Llegados a este punto, podríamos preguntarnos cómo sería nuestro mundo si los seres humanos no nos hubiéramos dedicado a destruir con tanta cerrazón lo que otros, con paciencia y esfuerzo, nos han legado como patrimonio. Seguramente sería el nuestro un mundo paradisíaco, de puro gozo y complacencia. O puede que no, porque, siendo uno providencialista, tiene que admitir que las cosas suceden siempre de la mejor manera posible al depender de la voluntad divina, por inescrutables que resulten sus designios.
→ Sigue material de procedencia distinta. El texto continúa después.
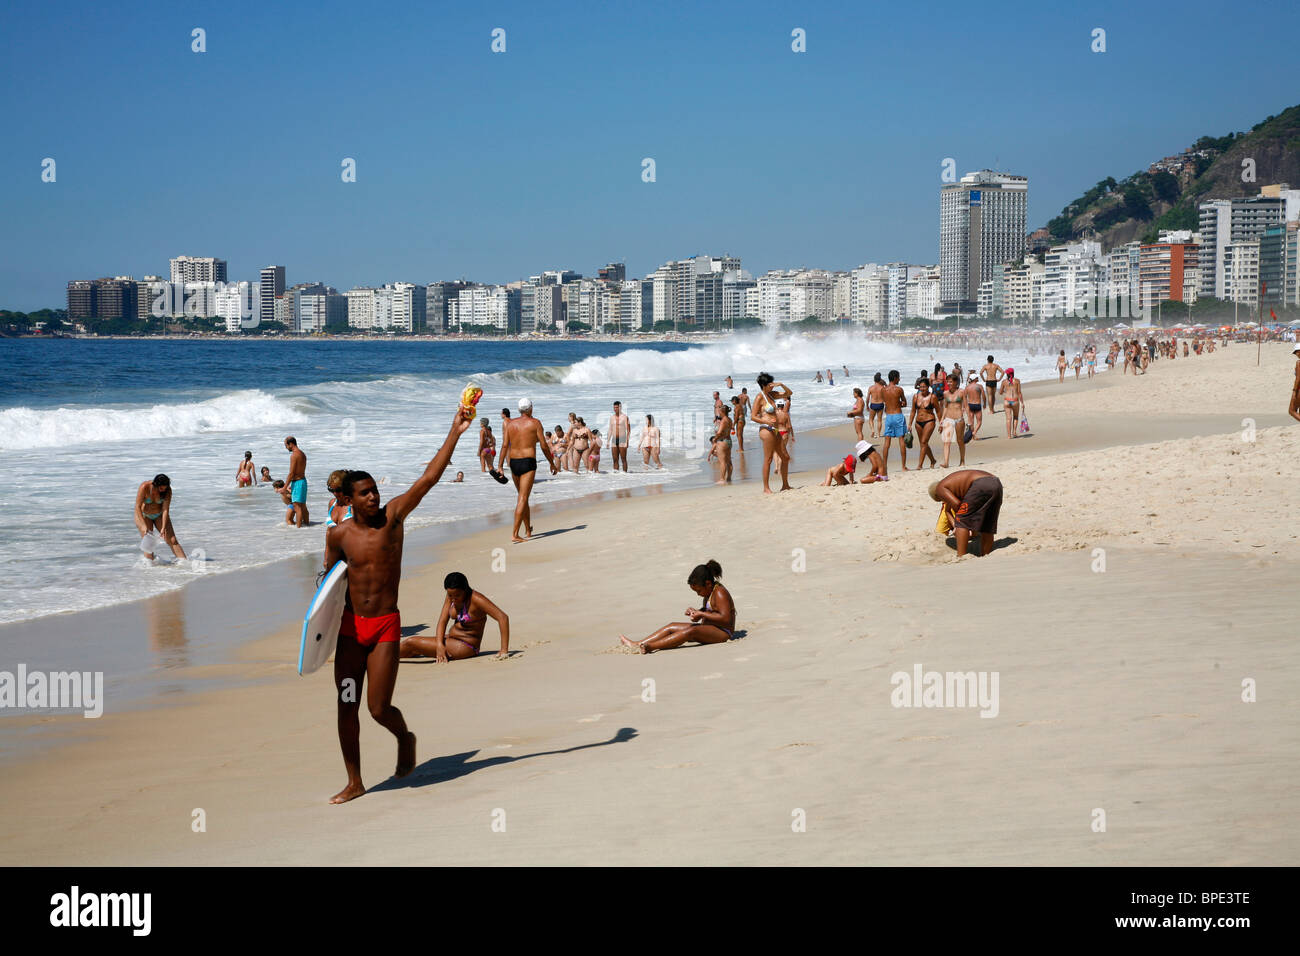 La plage de Copacabana, Rio de Janeiro, Brésil. Banque D'Images

Es posible que los contratiempos y los sufrimientos sean el mejor camino para sacudirnos de encima la placentera pereza que habitualmente nos invade y catapultarnos a la plenitud humana.
La dinámica de vida y muerte a que necesariamente estamos sometidos confiere a la muerte la función de realzar la vida, lo mismo que el dolor emplaza el gozo, la enfermedad valora la salud y los problemas activan potencialidades. No hace falta ser un lince para darse cuenta de que las guerras y los desastres naturales, que nos arrastran a situaciones límite, nos fuerzan a emplearnos a fondo en la reparación de los daños sufridos.
La fuerza del perdón
Frente a los desastres naturales solo cabe resignación y reacción rápida, pero, frente a los daños causados por nosotros mismos, tan frecuentes incluso en el seno de las comunidades pequeñas, el perdón sincero debería ser moneda habitual de cambio. El perdón aligera el peso de quien lo da y provoca la reacción reparadora de quien lo recibe, razón por la que es seguramente la mejor y más dulce venganza por la ofensa recibida o por el daño sufrido.
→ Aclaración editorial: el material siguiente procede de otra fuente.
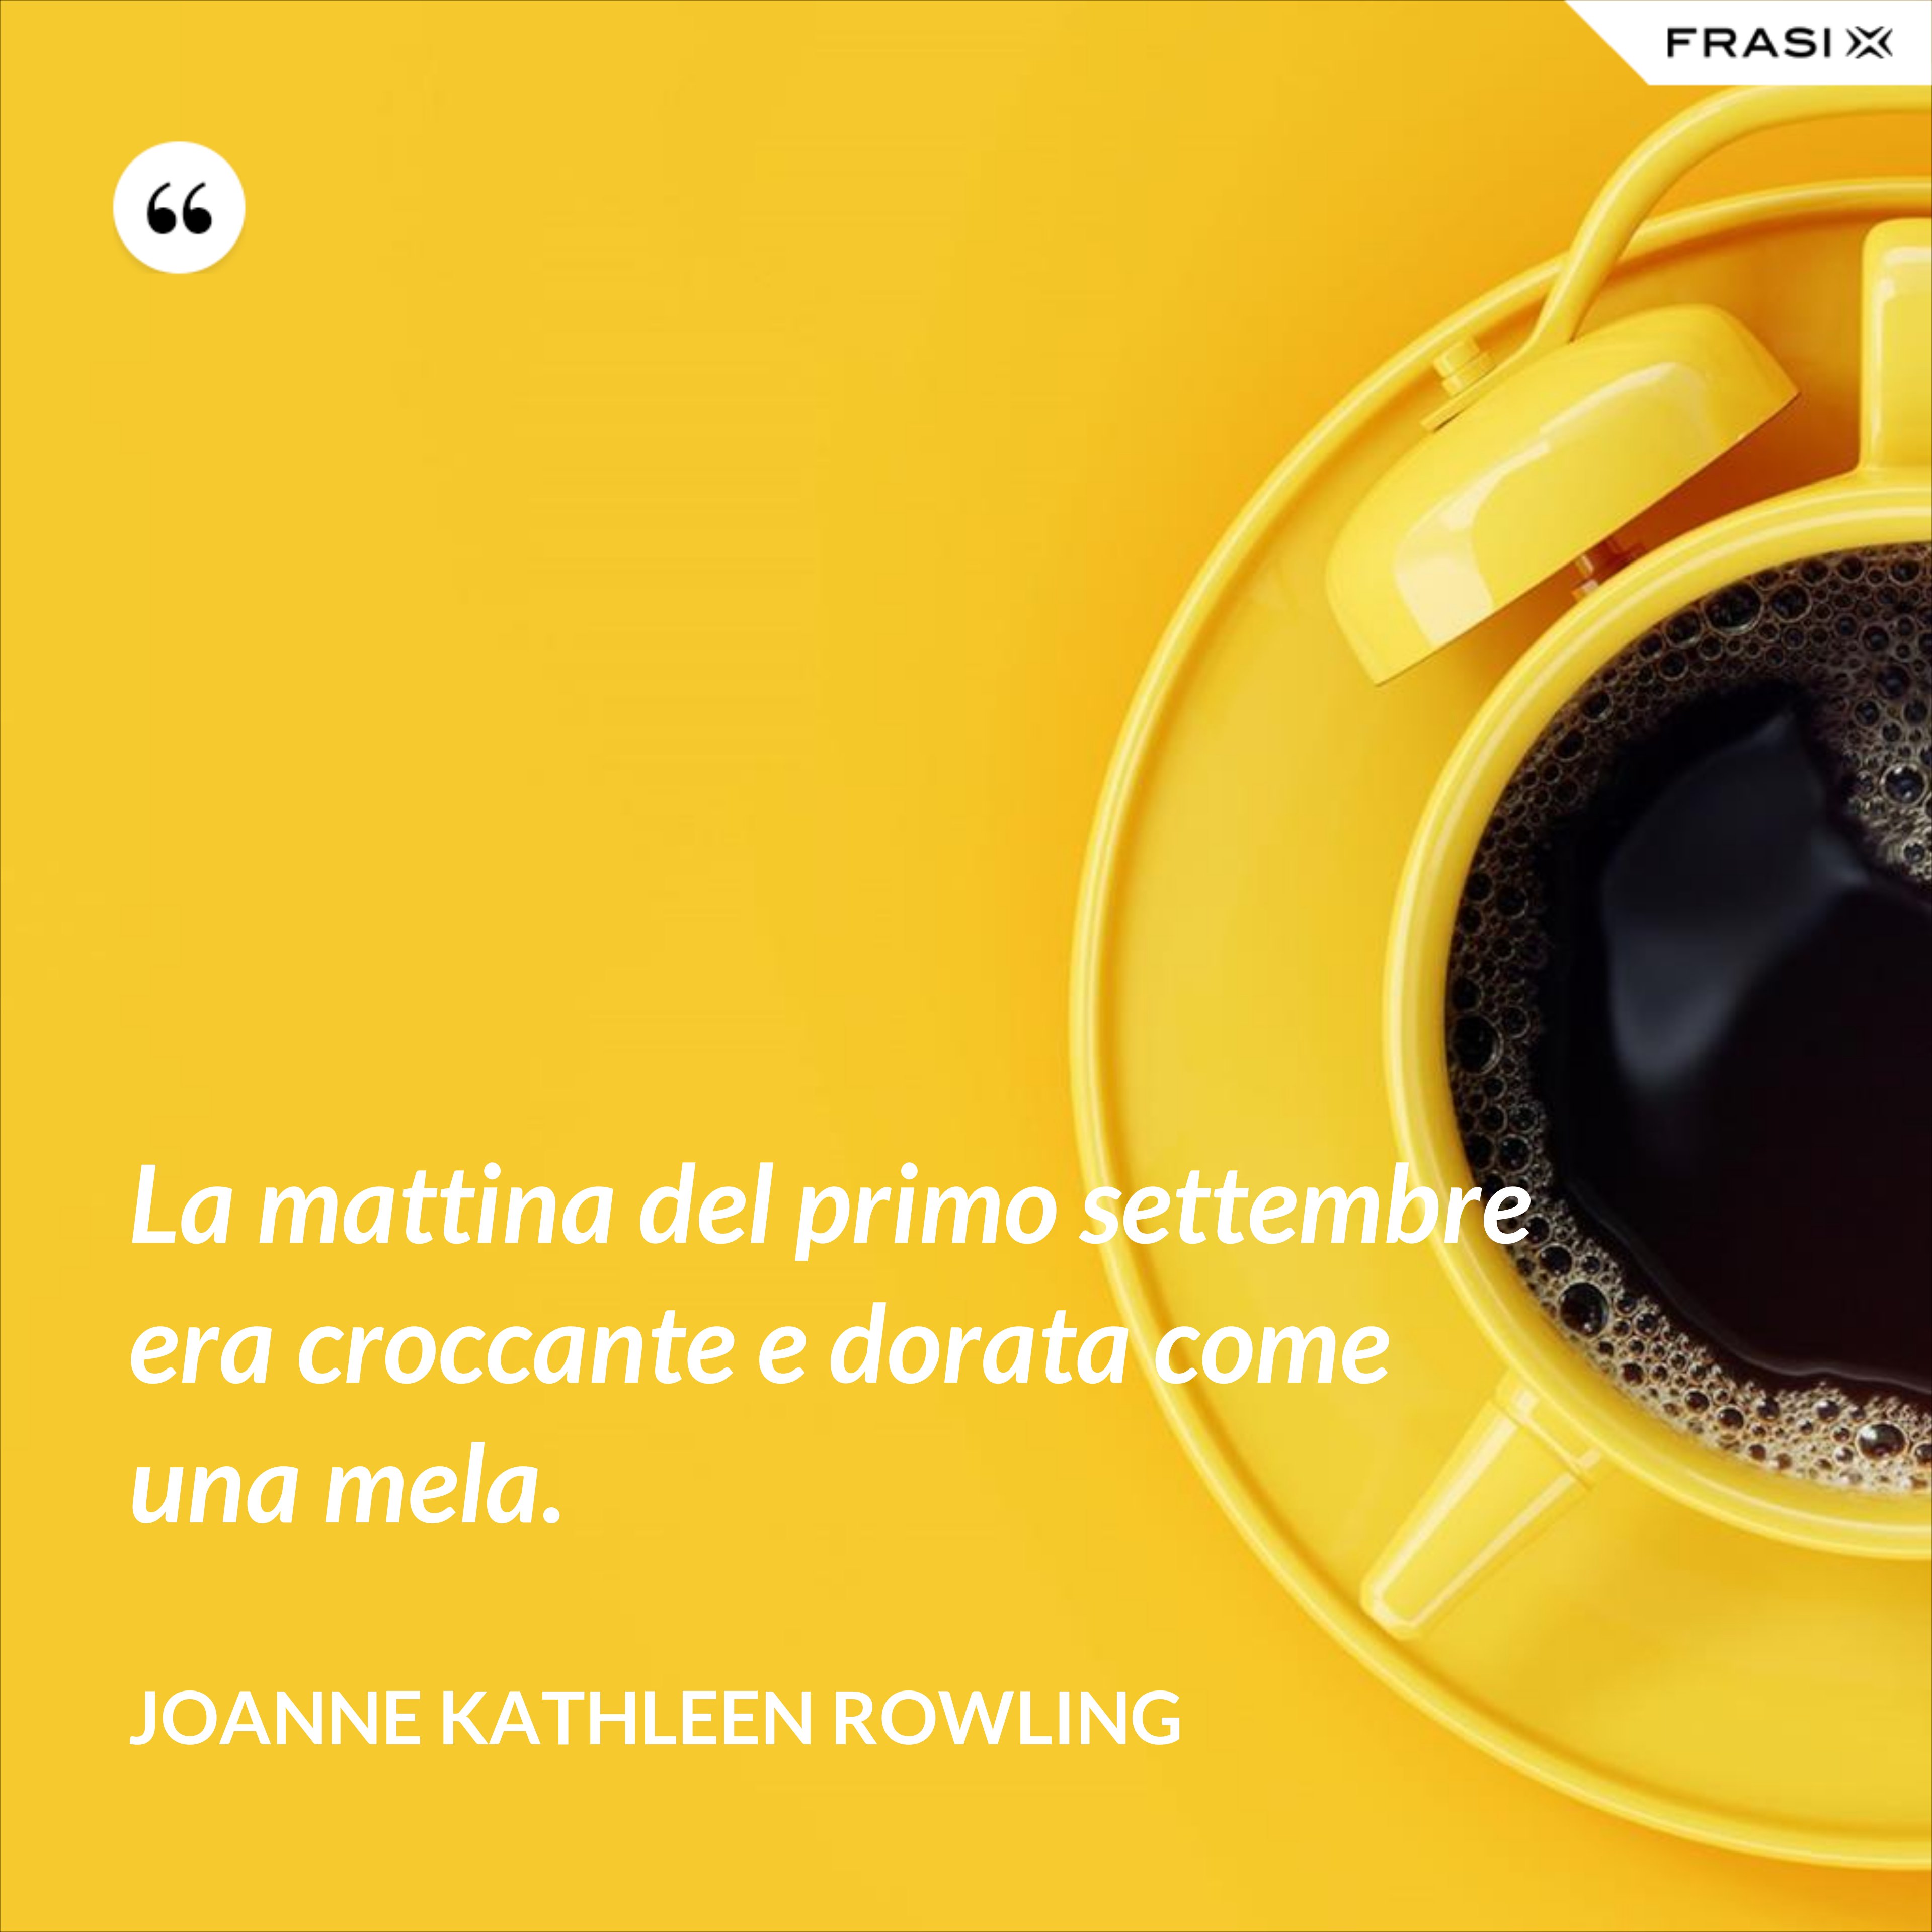 La mattina del primo settembre era croccante e dorata come una mela. - Joanne Kathleen Rowling

De elevar el concepto de familia a toda la humanidad, podríamos sacar de esas hermosas palabras conclusiones sobre las políticas y las relaciones humanas. Mil veces llevo dicho que no existe el pecado por la suprema razón de que no tenemos capacidad para ofender o rechazar a Dios, pero sí que podemos ofendernos unos a otros y causarnos daño incluso a nosotros mismos. Dios nos perdona incondicionalmente las ofensas y los daños que nos causamos unos a otros. También en eso debemos imitarlo. El bálsamo del perdón debe aplicarse a cada una de las quiebras de palabra o de obra que se produzcan en nuestras relaciones con los demás o con nosotros mismos.
Seguro que lo más difícil es perdonarse uno a sí mismo, pero debemos ser lo suficientemente humildes para hacerlo. Perdonar allana los caminos de las relaciones humanas y, en el caso de uno mismo, afianza la autoestima, tan necesaria para aguantar el “duro bregar” (Unamuno dixit) de la vida. Para que un alcohólico y un drogadicto inicien un proceso de regeneración, ante todo deben perdonarse a sí mismos.